Aprovado acordo de submarinos com a França

O acordo de cooperação firmado entre Brasil e França para a construção de submarinos convencionais e nuclear, foi aprovada nesta quarta-feira pela Comissão de Relações Exteriores da Câmara dos Deputados.

Raul Jungmann (PPS-PE), relator da matéria, afirmou que a escolha do modelo de submarino francês é a mais adequada para a Marinha brasileira.

O acordo prevê apoio e cooperação no domínio das tecnologias de defesa, com o objetivo de viabilizar o desenvolvimento do programa brasileiro de forças submarinas.

Brasil e França pretendem buscar a cooperação nos métodos, tecnologias, ferramentas, equipamentos e assistência técnica em todas as fases do projeto de submarinos convencionais do tipo Scorpène (SBR), bem como de um submarino com armamento convencional (SNBR) destinado a receber um reator nuclear, desenvolvidos pelo Brasil.

Além disso, está prevista a assistência para a concepção e construção de um estaleiro adequado a esses submarinos e de uma base naval capaz de abrigá-los.

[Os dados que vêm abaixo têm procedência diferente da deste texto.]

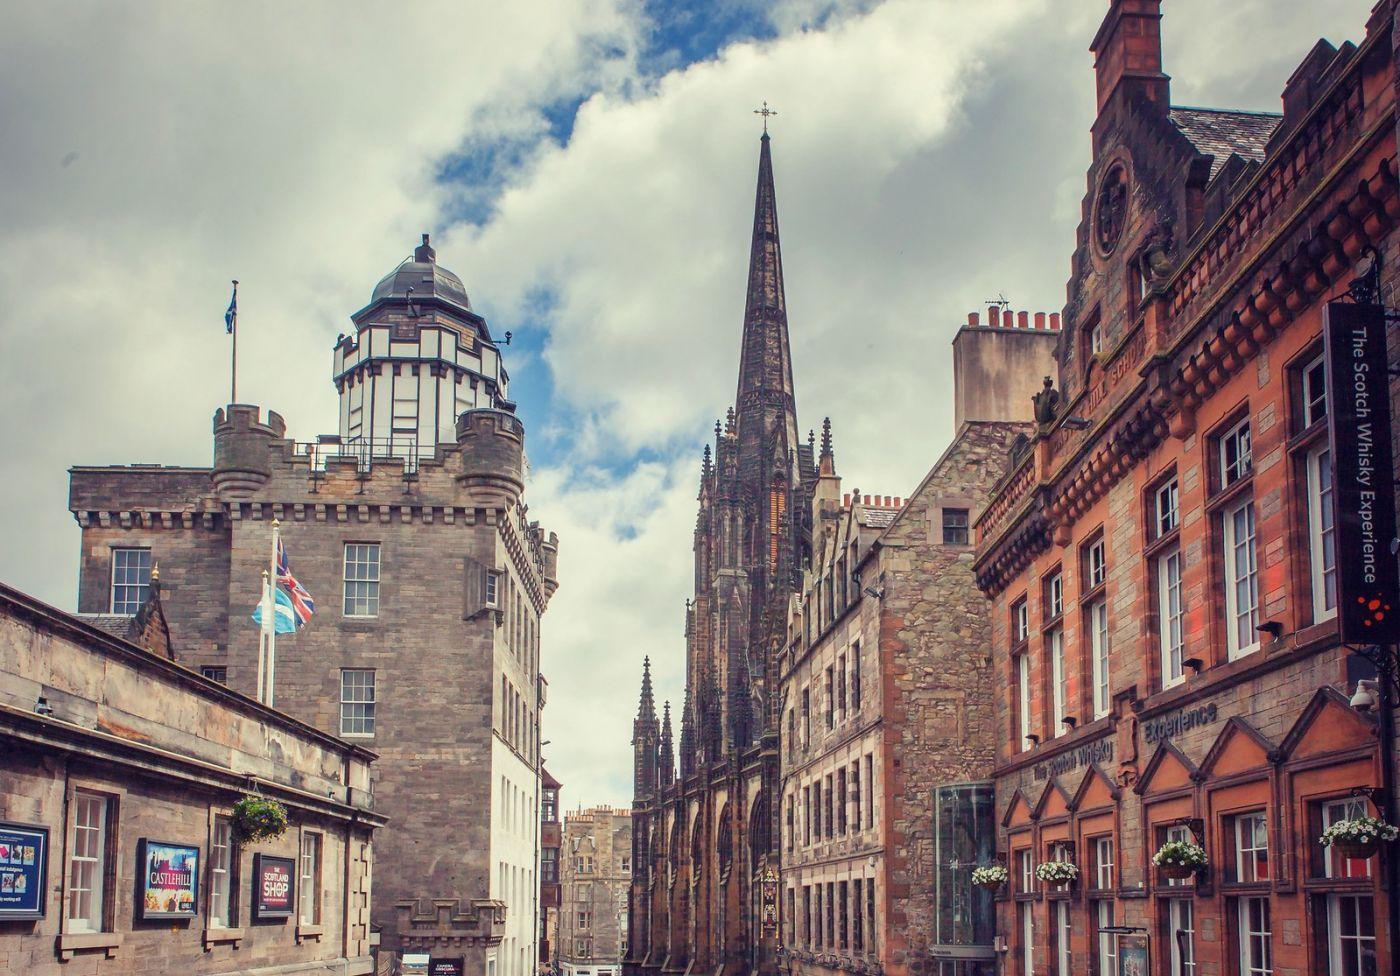 苏格兰爱丁堡,老城市老文化_图1-19

Haverá ainda cooperação para a concepção, a construção e a manutenção das infra-estruturas e dos equipamentos necessários à parte nuclear.

A colaboração se dará a partir da aquisição de quatro submarinos SBR, com transferência de tecnologia ampliada para todas as fases desse projeto de submarinos.

Transferência de tecnologia

Jungmann destacou que o acordo estabelece a transferência de conhecimento acadêmico relativo a submarinos, nas áreas da ciência e da tecnologia, por meio de formação de estudantes, professores e instrutores em instituições pertencentes ao Ministério da Defesa, em complemento às cooperações existentes em matéria de formação dos domínios conexos.

O Brasil se compromete a não autorizar a reexportação, a revenda, o empréstimo, a doação ou a transmissão do conhecimento, da tecnologia e dos equipamentos fornecidos pela França sem a concordância prévia do governo francês, e a utilizá-los somente para os fins definidos pelo acordo, que valerá por três anos após o primeiro mergulho do primeiro submarino SNBR, não podendo exceder o limite de 25 anos.

Na avaliação de Raul Jungmann, as necessidades nacionais de uso dos submarinos e as condições do acordo com a França mostram que a opção pelo modelo Scorpène é a mais adequada. Ele lembrou que inicialmente o Brasil ficou entre os modelos alemão, russo e francês.

O deputado destacou que os submarinos de propulsão nuclear são melhores para as estratégias de manobra porque, em razão de sua autonomia e velocidade média, não se limitam às áreas costeiras.

Por isso, o Brasil teria descartado a proposta alemã de renovação da frota nacional.